Return fraud: The price we pay for e-commerce
The world of e-commerce is booming as it provides consumers with a flexible shopping experience to try multiple products from the comfort of their homes and return the ones that do not meet their expectations, no questions asked. However, it is this very policy that has now become a challenge for retail merchants.
A surge in online shopping has unsurprisingly brought about a spike in online returns. As reported by the National Retail Federation, nearly 20% of the purchases end up being returned. In 2022, total US online sales reached approximately $1.29 T, with around $212 B of those purchases being returned, out of which $22.8 B (10.7%) were identified as fraudulent. Let’s delve deeper into the world of return fraud.
Decoding return fraud
Return fraud occurs when someone obtains money or goods through deceitful means by returning goods they did not purchase, or by making false claims about a product to receive a refund. It is essentially a form of theft that targets businesses and their return/refund policies against online and in-store transactions. This can be done by creating fake receipts, stealing/shoplifting merchandise and returning it for a refund, or by using stolen credit cards to make purchases and then returning items for cash.
A classic example of return fraud - Doctoring the return label
Return fraud vs. refund fraud
Return fraud is closely related to refund fraud, but there are a few differences between the two. Return fraud mandates returning an item that has been used or manipulated, while refund fraud means usurping a refund without the actual return of any merchandise. Hence, businesses lose revenue from the initial sale in return fraud, but they may be able to resell the item. However, businesses lose both the revenue from the initial sale as well as the product in refund fraud. In terms of policies, return frauds abuse return policies or manipulate them to their advantage. Whereas refund frauds use false claims to return a product altogether.
Return fraud mandates returning an item that has been used or manipulated, while refund fraud means usurping a refund without the actual return of any merchandise.
Common return manipulations
There are several routes that fraudsters can take when it comes to return frauds. Retailers need to be mindful to sidestep these and remain vigilant against such tactics in all their transactions.
- Fake receipt fraud: Such frauds happen when customers attempt to return items using a fake receipt.
- Returning pilfered products: malicious customer returns pilfered merchandise, though lacking a receipt to claim a refund or store credit.
- Receipt switching: Fraudsters acquire an identical item and exploit the original receipt to obtain a refund for the second item instead of the original product, essentially acquiring the first item at no cost.
- Wardrobing: Scammers purchase an item, use it, and then return it to the store for a refund.
- Price swapping: This tactic entails buying a low-value product and changing the price tag to a higher-priced product while returning.
- Merchandise exchange (Arbitrage): This occurs when a customer buys a new product but returns an old or counterfeit product. In such an exchange fraudsters can swap an expensive item for a cheaper one and return it instead.
"Malicious customer returns pilfered merchandise, though lacking a receipt to claim a refund or store credit."
Combatting return and refund fraud
Staying one step ahead of such fraud requires retailers to proactively detect fraudulent transactions and take measures to prevent them.
- Mandate ID and contact information for returns: To prevent refunding items bought with stolen cards, retailers can cross reference online purchases with buyer’s contact details and have access to fraud investigation tools to check for flagged orders. Receipts may not always be required for refunds.
- Restrict cash refunds: Provide credits/gift receipts over cashback options to customers who have returned the product.

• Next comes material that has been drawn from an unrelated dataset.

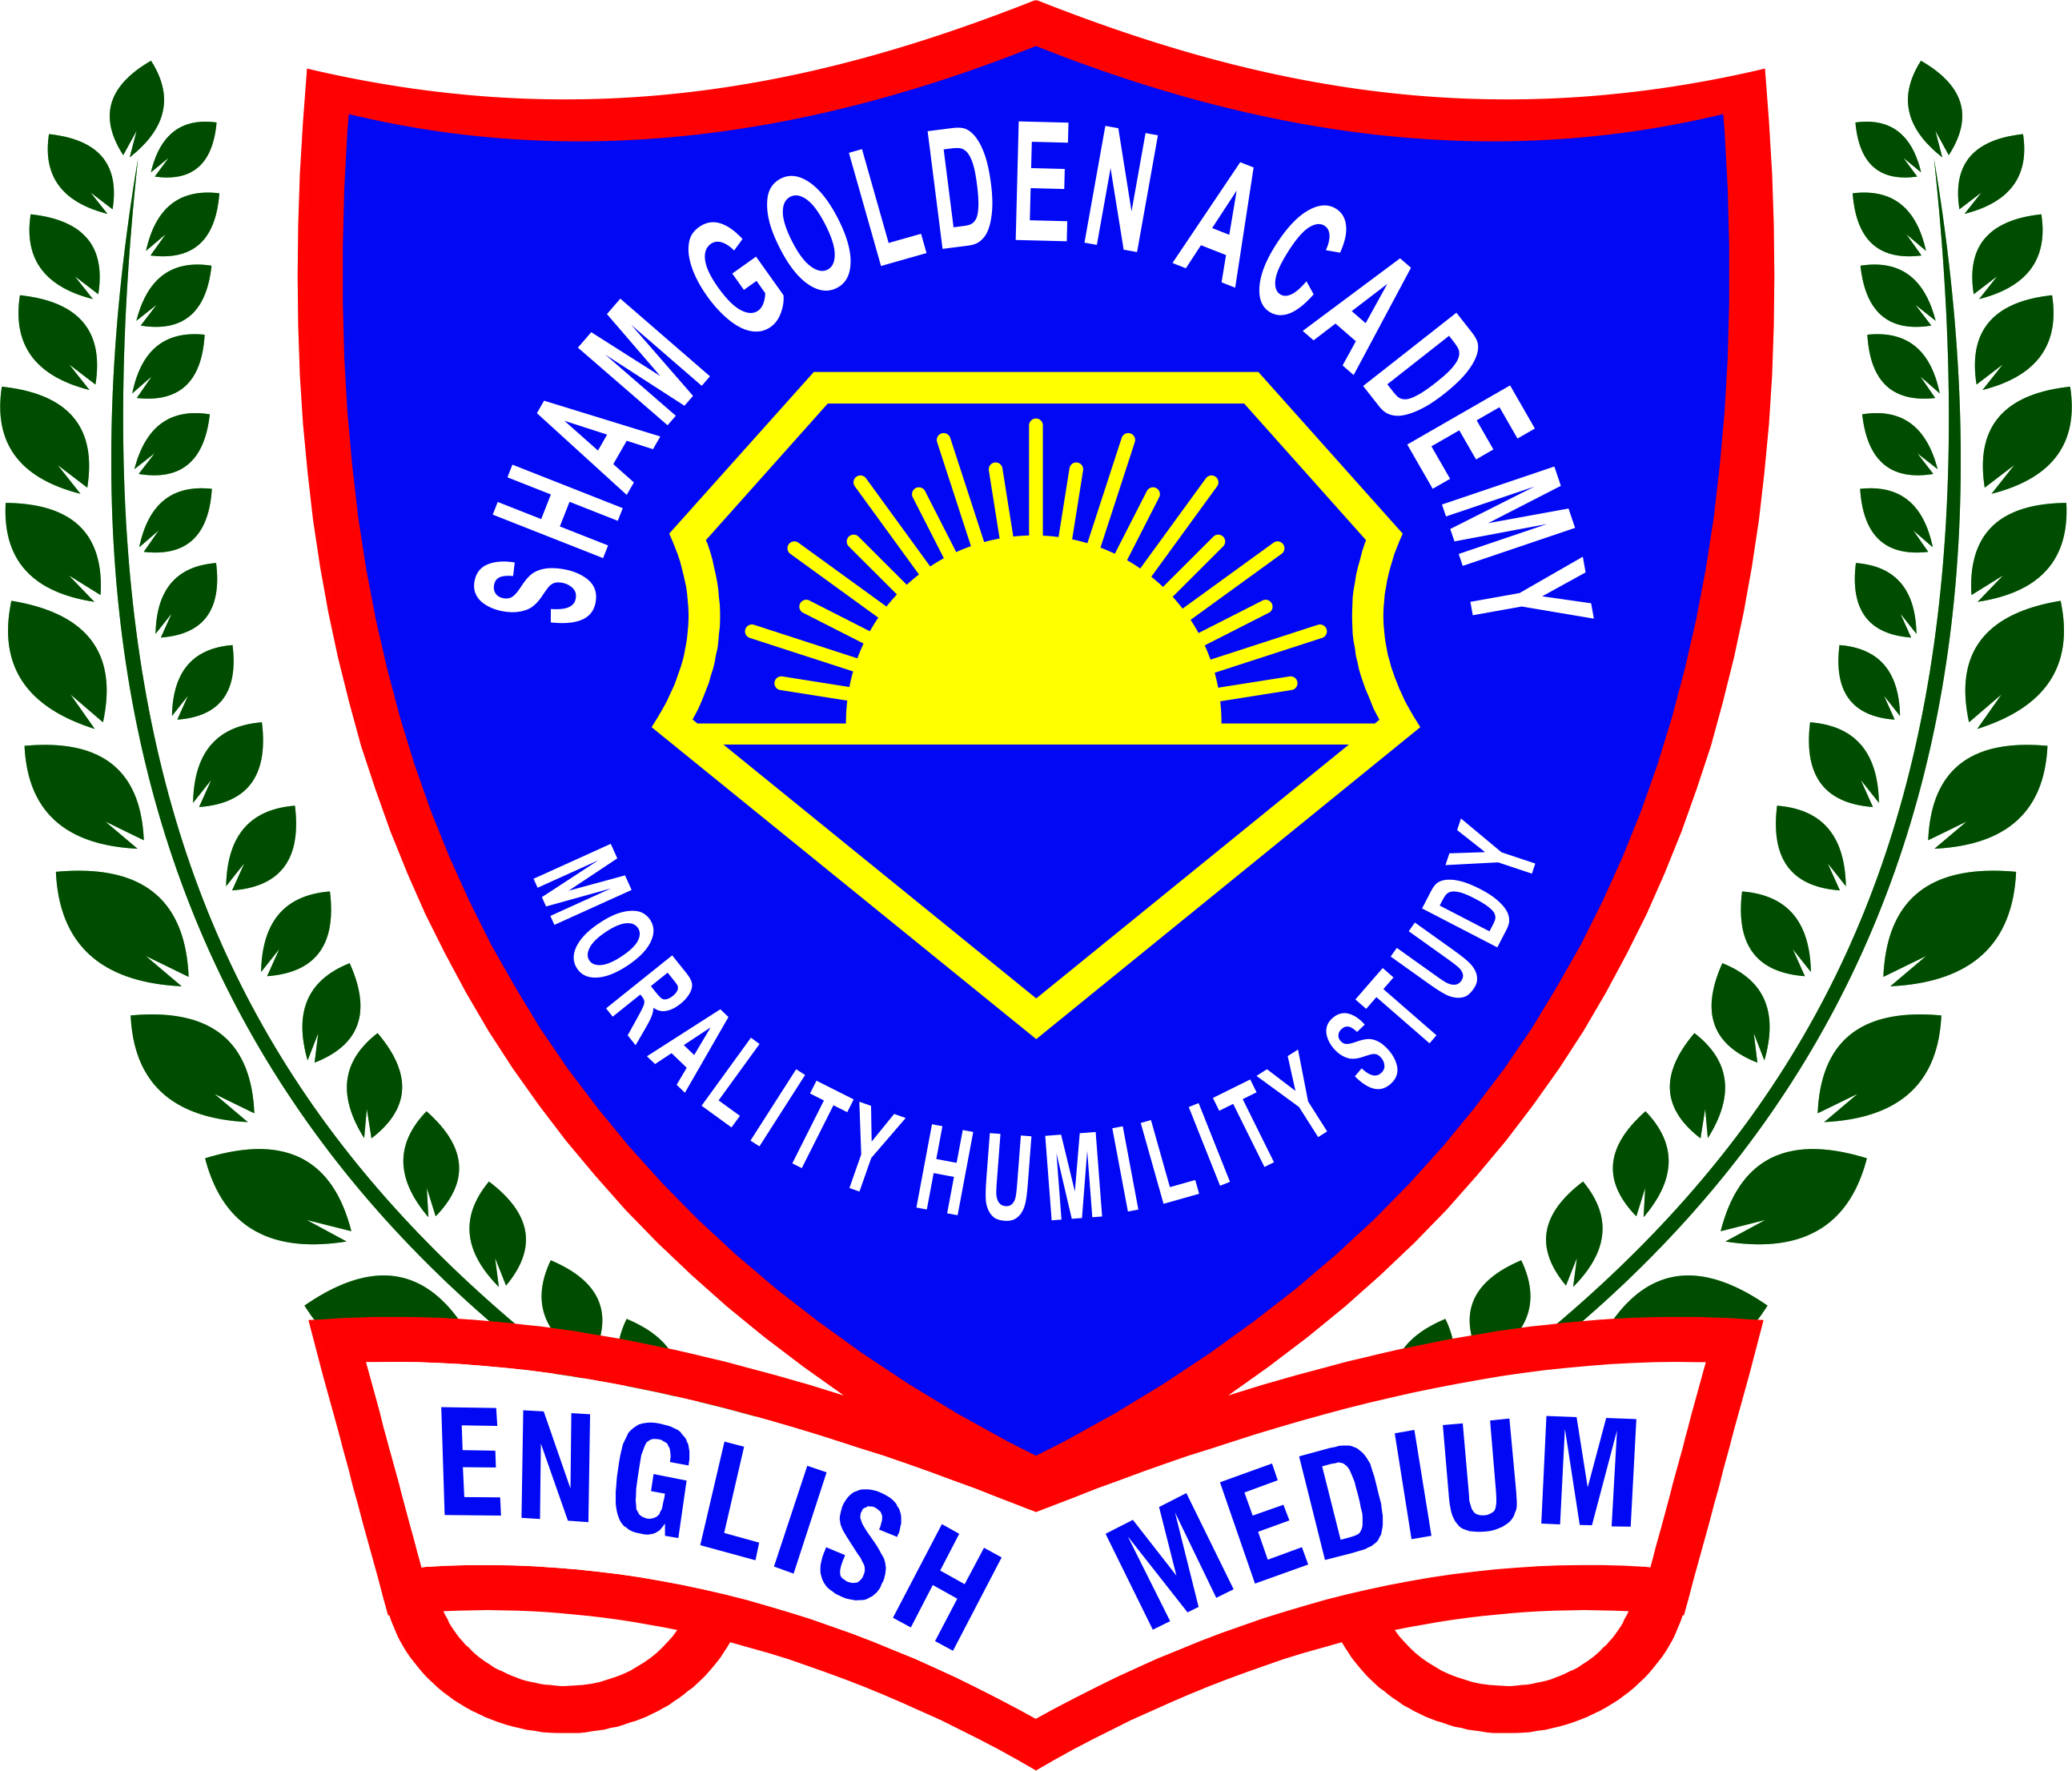 Sham Golden Academy

- Return policies: Preventing return and refund fraud by strengthening applicable policies. Transparent and secure policies can ensure visibility and reduce any room for errors.
- Fraud screening: Even with precautions, refund fraud can occur. It is imperative for retailers to screen for fraudsters by detecting potentially risky transactions and declining purchases from policy abusers.
The proposition of BORIS
The surge in online retail during the pandemic has resulted in a spike in return-related challenges. In order to provide customers with greater convenience and flexibility and reduce return shipping costs for retailers an option of BORIS – Buy-Online-Return-In-Store – was introduced. A retail practice, BORIS allows customers to purchase items from an online store and then return those items to a physical store as an alternative to shipping them back.
While BORIS provides significant benefits for the business and customers, there are also a few drawbacks to consider which are susceptible to certain types of fraud such as customers returning used, stolen, counterfeit, and low-value items, or products without original packaging or receipts.
Additionally, cashiers at POS terminal may also exploit the process by converting the actual return to a fake return and pocketing the amount in the form of gift cards.
Hence, even though BORIS can relieve customers of the hassles of returning, it is also necessary to keep a stringent watch on the final execution of the process to nip fraudulent activities in the bud.
A costly affair, return frauds not only put the merchant and customer security at risk, but also damage the seller’s reputation. In fact, according to the return fraud statistics, retailers face a loss of $10.40 for every $100 worth of accepted returned merchandise. Retailers must deploy cutting-edge solutions to help fortify their transactions against such fraudsters and deliver secure and seamless transactions to their customers.